All in all though, as Poirot’s final case, it is a must read, and a great improvement on some of his later cases.
Recurring Character Development
Hercule Poirot
His health has been deteriorating for some time. He is now crippled by arthritis and has to use a wheelchair.
Captain Hastings
His wife has died.
He has four previously unmentioned children. One boy in the Navy, the other married and running the family ranch in the Argentine. Grace has married a soldier and is living in India. Judith is staying at Styles with her employer and his wife.
Signs of the Times
Written in the early 1940s, although deliberately held back from publication until the 1970s, the story is set maybe at most five years’ after the end of WWII, which causes a problem given that Poirot continued his career well into the 1960s. Maybe this is what happened in a parallel universe?
References to previous works
As on his first visit to Styles, Hastings sees a woman gardening as he enters the grounds, not Evelyn Howard this time, but Mrs Luttrell.
There is a slight spoiler for “The ABC Murders” and slightly more for “Sad Cypress” although Hastings refers to Evelyn Carlisle when he means Elinor Carlisle.

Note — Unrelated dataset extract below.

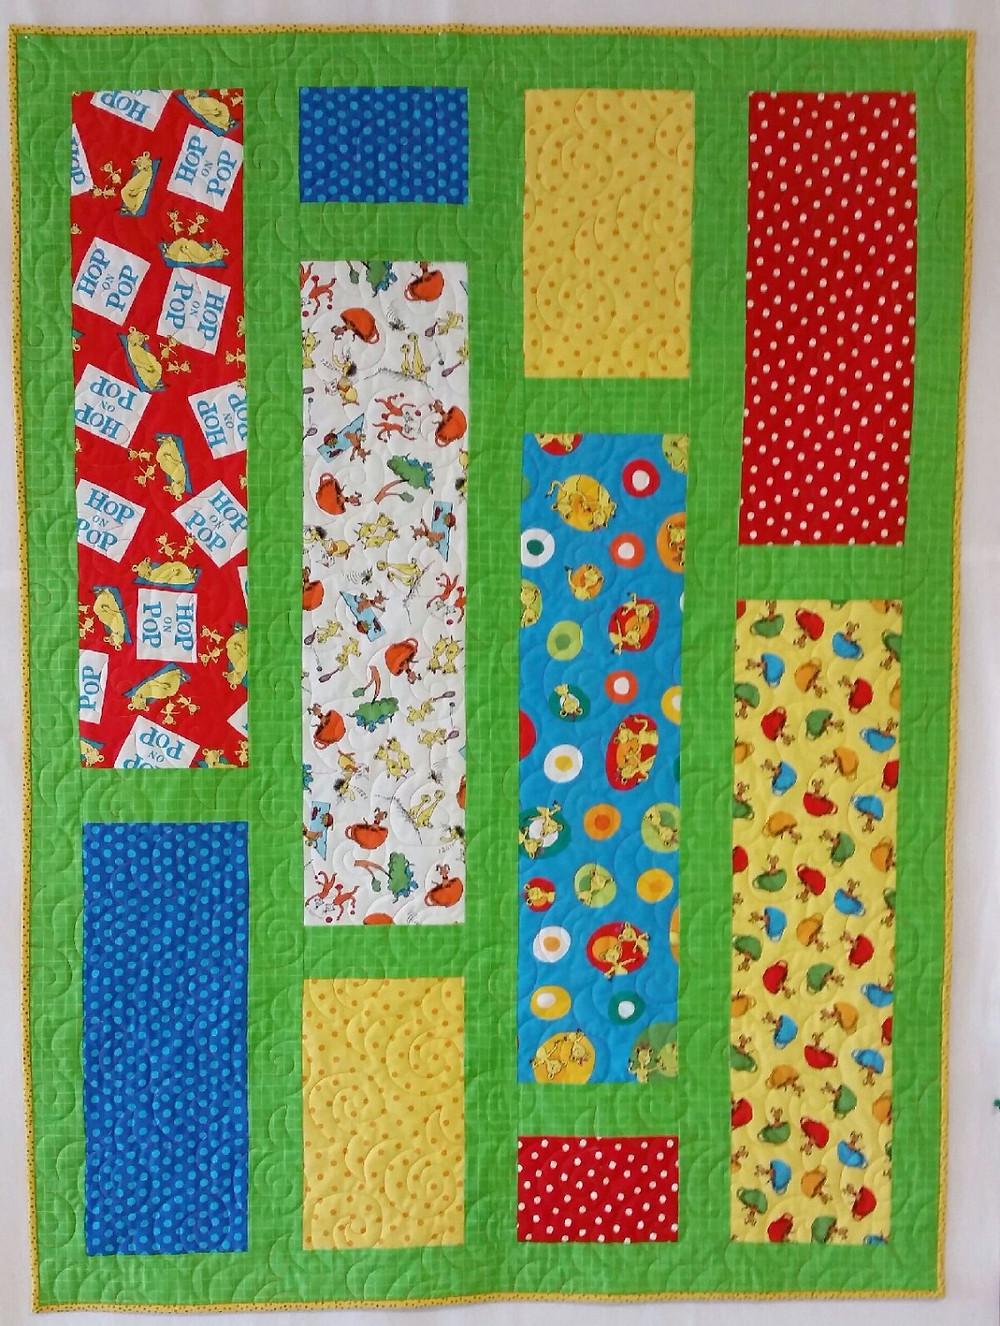 Finished Second Saturday Sampler quilt

Poirot refers to an Iago type killer in “Peril at End House”:
“Such a jealousy as drove the Iago of your great Shakespeare to one of the cleverest crimes (speaking from the professional point of view) that has ever been committed.”
“Why was it so clever?” I (Hastings) asked, momentarily diverted.
“Parbleu – because he got others to execute it. Imagine a criminal nowadays on whom one was unable to put the handcuffs because he had never done anything himself.”
It is interesting that Poirot uses “when” rather than “if” in “Death in the Clouds” when replying to Inspector Japp who jokes that he is the murderer because the blowpipe was found down the back of his seat: “When I commit a murder it will not be with the arrow poison of the South American Indians.” Later Japp says ” Well, detectives do turn out to be criminals sometimes – in story books.”
They banter again in “Murder in the Mews” which leads Poirot to say: “My dear Japp, if I committed a murder you would not have the least chance of seeing how I set about it! You would not even be aware, probably, that a murder had been committed.”
The short story “The Dream” collected in “The Adventure of the Christmas Pudding” ends thus:
“I wonder of you’ll ever commit a crime, Poirot” said Stillingfleet.” I bet you could get away with it al right. As a matter of fact, it would be too easy for you – I mean the whole thing would be off as definitely too unsporting.”
“That,” said Poirot, “is a typical English idea.”
“The ABC Murders” includes the following prophetic exchange:
“I shouldn’t wonder if you ended by detecting your own death,” said Japp, laughing heartily. “That’s an idea, that is. Ought to be put in a book.”
“It will be Hastings who will have to do that,” said Poirot, twinkling at me.
“Ha, ha! That would be a joke, that would,” laughed Japp.